Grand Rapids

Grand Rapids

Grand Rapids, city (1990 pop. 189,126), seat of Kent co., SW central Mich., on the Grand River; inc. 1850. The second largest city in the state, it is a distribution, wholesale, and industrial center for an area that yields fruit, dairy products, farm produce, gypsum, and gravel. Furniture manufacturing (begun in 1859) remains important. Among the city's other manufactures are appliances, electronic equipment, automotive parts, aircraft and space navigation systems, and paper products. It has the Gerald R. Ford Museum, art and furniture museums, a botanical garden, a symphony orchestra, and an opera company. Also in Grand Rapids are Aquinas College, Calvin College, and several seminaries.

City (pop., 2000: 197,800), western Michigan, U.S. Located on the Grand River, it was founded in 1826 as a trading post.
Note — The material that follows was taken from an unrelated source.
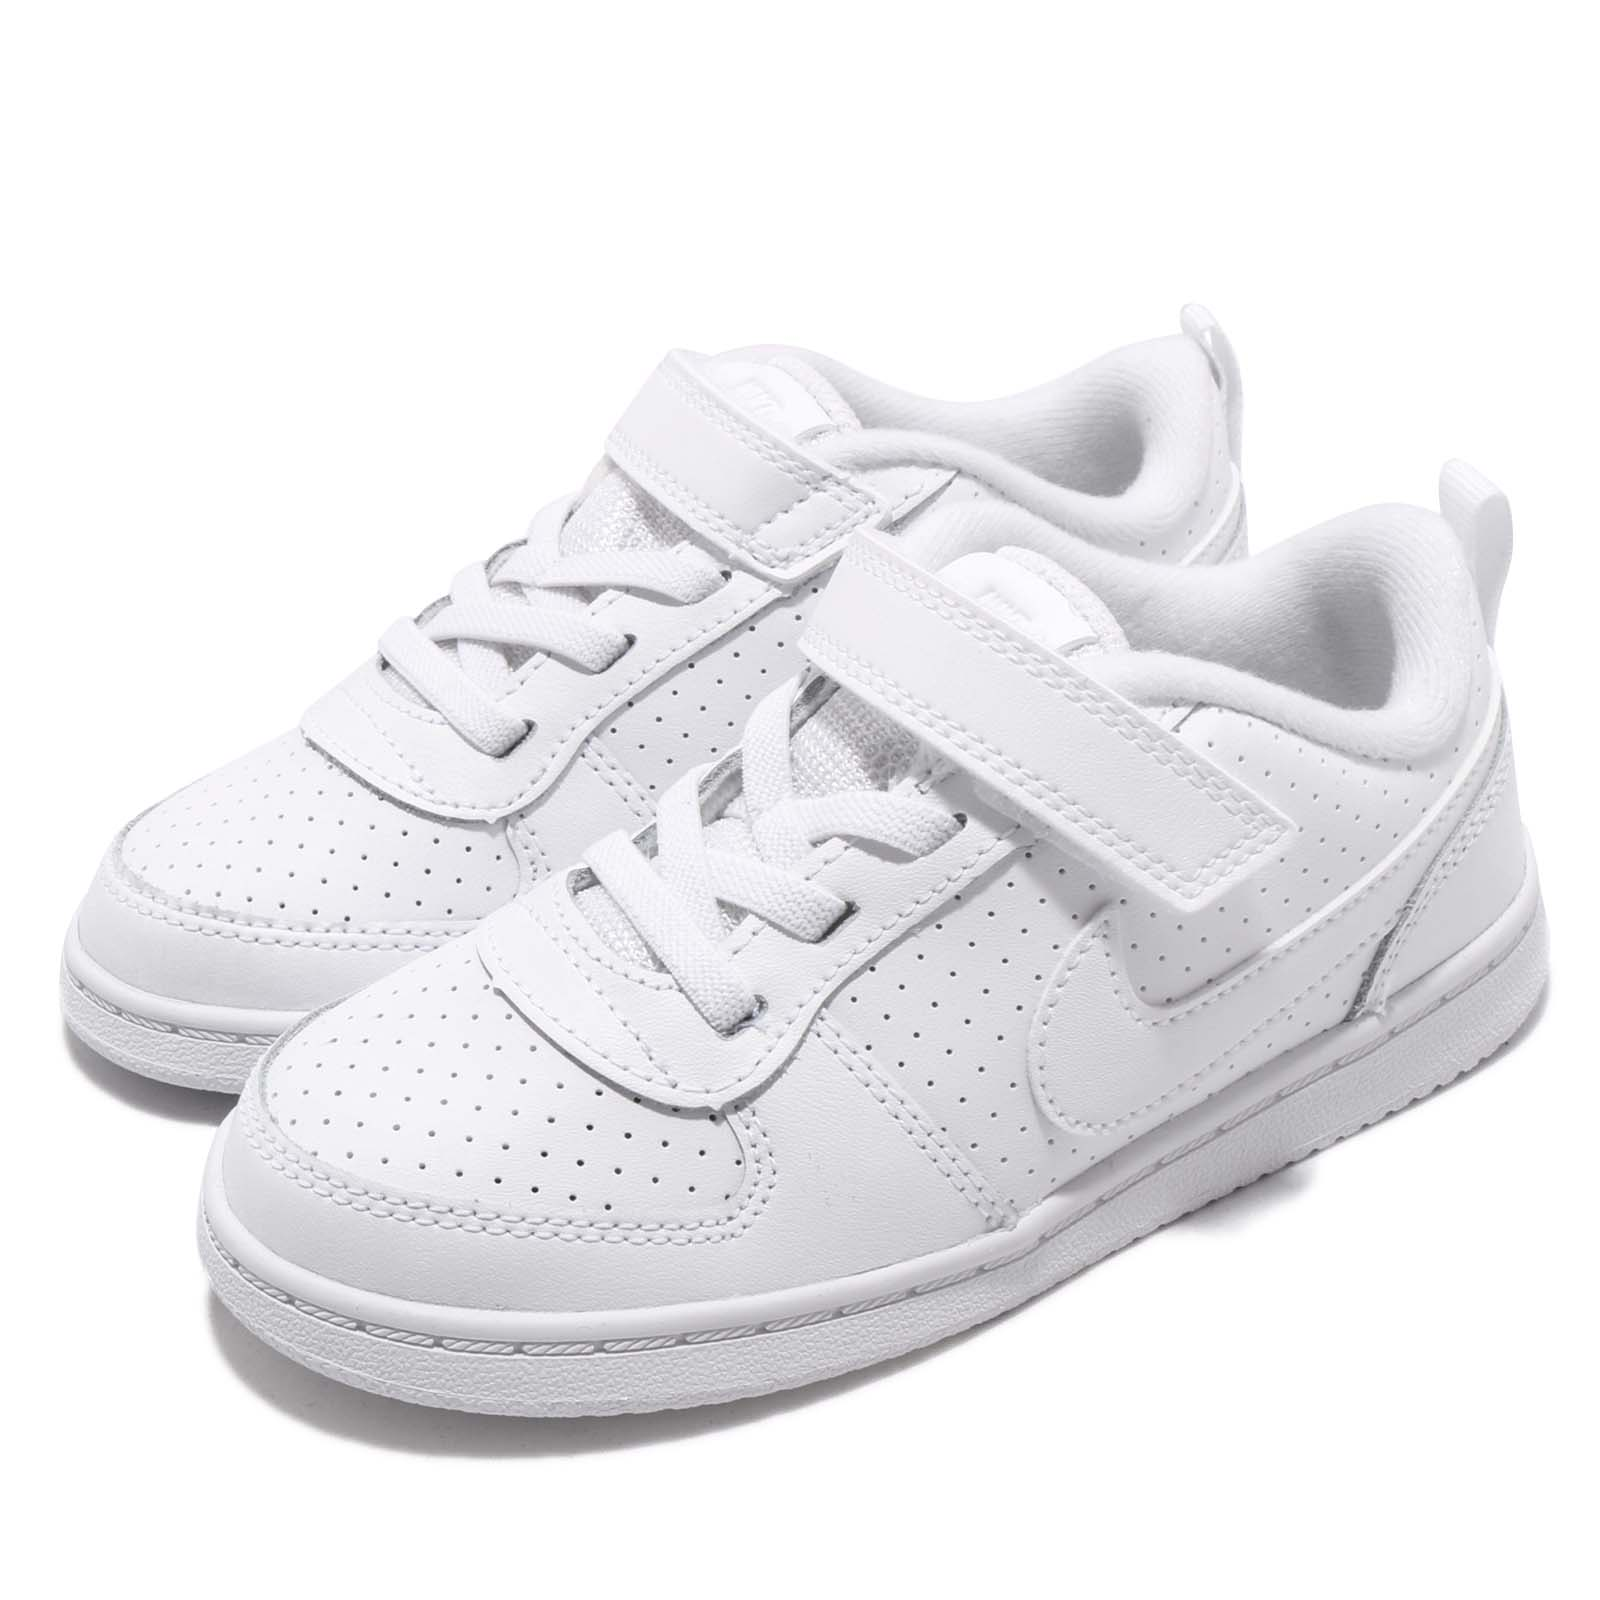 Nike 休閒鞋 Court Borough 童鞋 870029-100

Ample lumber from nearby forests soon fueled a woodworking industry. After Grand Rapids furniture was shown at the 1876 Centennial Exhibition in Philadelphia, the city became known as the furniture capital of America. Its industry diversified with the advent of World War I, and metal-based manufacturing thereafter exceeded furniture. Its public library contains important collections of books on furniture design; its educational institutions include Kendall College of Art and Design (1928). It was the boyhood home of Pres. Gerald Ford.